Introducing CARFT: A Hybrid Approach for Robust Reasoning
To overcome these dual limitations, researchers have proposed a novel approach called CARFT: Contrastive learning with Annotated Chain-of-Thought-based Reinforced Fine-Tuning. CARFT aims to enhance LLM reasoning by effectively leveraging both high-quality annotated CoTs and dynamically sampled CoTs, ensuring both superior performance and training stability.
The CARFT framework operates in two sequential stages. It begins with an initial Supervised Fine-Tuning (SFT) phase, where the LLM is trained on annotated CoTs to build a foundational understanding of instruction-following. Following this, the model enters a ‘contrastive feedback’ stage, which is the core innovation of CARFT.

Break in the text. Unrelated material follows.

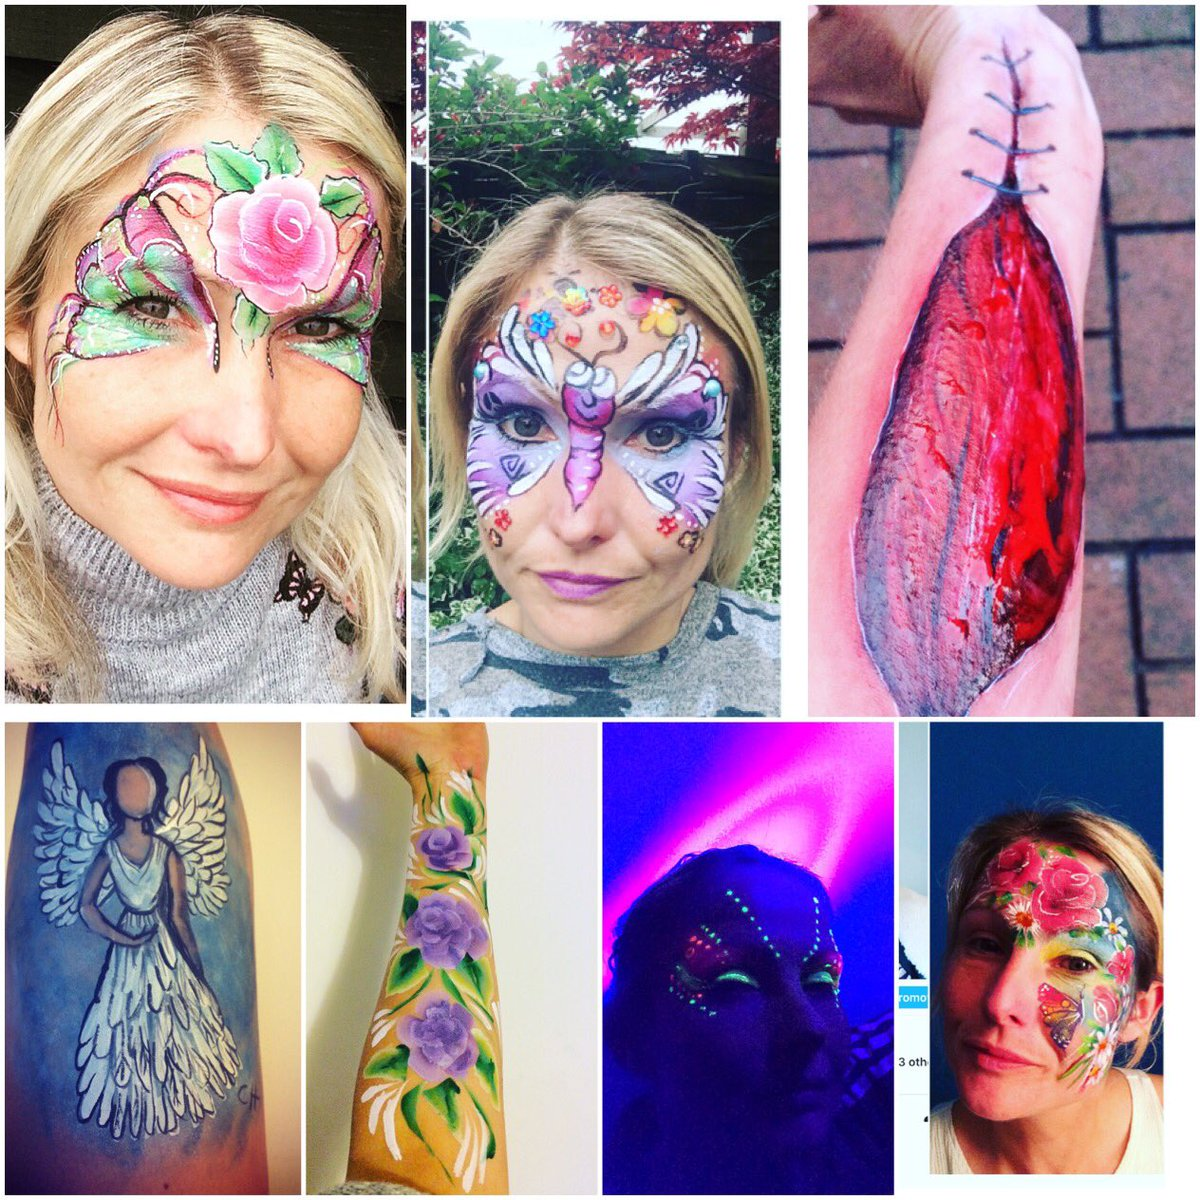 #facepaint #facepainter #Flowers #roses2017 #clubbing #sfx #butterfly @SillyFarm @facepaintchelt inspired #uv #angel<br>http://pic.twitter.com/P09HGHwNB4

How CARFT Works: Key Mechanisms
At the heart of CARFT is the concept of learning a unified representation for each Chain-of-Thought. Whether a CoT is an expert-annotated one or a newly generated one, CARFT processes it to create a compact ’embedding’ that captures its essence. These embeddings are crucial for the next step: designing contrastive signals.
CARFT employs two types of contrastive signals:
- Positive Signal: This signal encourages the model to generate CoTs that are similar to the high-quality annotated CoTs, especially when they lead to correct answers. By using a technique called InfoNCE loss, CARFT ensures that the embeddings of correct annotated CoTs and correct self-generated CoTs are drawn closer together.
- Negative Signal: Conversely, CARFT also learns from incorrect reasoning paths. It identifies common elements between an annotated CoT and an incorrect self-generated CoT, and then uses a negative contrastive signal to push the embeddings of the incorrect parts away from the correct ones. This helps the model learn what not to do.
Furthermore, CARFT introduces an ’embedding-enhanced partial reward’ mechanism. Unlike previous methods that might assign a generic small reward for partially correct but ultimately wrong answers, CARFT uses the similarity between the generated CoT’s embedding and the annotated CoT’s embedding to assign a more nuanced partial reward. This fine-grained feedback encourages the generation of more ‘well-behaved’ CoTs, even when they don’t immediately lead to the final correct answer, thereby significantly improving training stability and overall performance.
Performance and Stability
Extensive experiments conducted on datasets like SVAMP and GSM8K, using foundation models such as CodeLlama-7B and Qwen2.5-7B-Instruct, demonstrate CARFT’s significant advantages. CARFT consistently outperforms both SFT and state-of-the-art RL-based methods like ReFT and Dr.GRPO, achieving accuracy improvements of up to 10.15%. Beyond raw performance, CARFT exhibits remarkable robustness and stability throughout the fine-tuning process, effectively mitigating the model collapse issues that often plague other RL-based approaches.
While CARFT introduces additional computational overhead for generating CoT embeddings, it proves to be more efficient than some complex RL methods like Dr.GRPO, which require generating a larger number of CoTs. The research paper, available at https://arxiv.org/pdf/2508.15868, provides a comprehensive look into the methodology and experimental results.
Also Read:
- Decoding LLM Fine-Tuning: How Reinforcement Learning Recovers Lost Generalization
- Unlocking LLM Potential: A Seed-Free Approach to Instruction Tuning
Looking Ahead
CARFT represents a significant step forward in enhancing the reasoning capabilities of LLMs by intelligently combining the strengths of supervised learning with the exploratory power of reinforcement learning, guided by contrastive signals. Future work aims to address its current limitations, such as adapting to decentralized data and extending its application to long-context scenarios, further solidifying its role in the advancement of AI reasoning.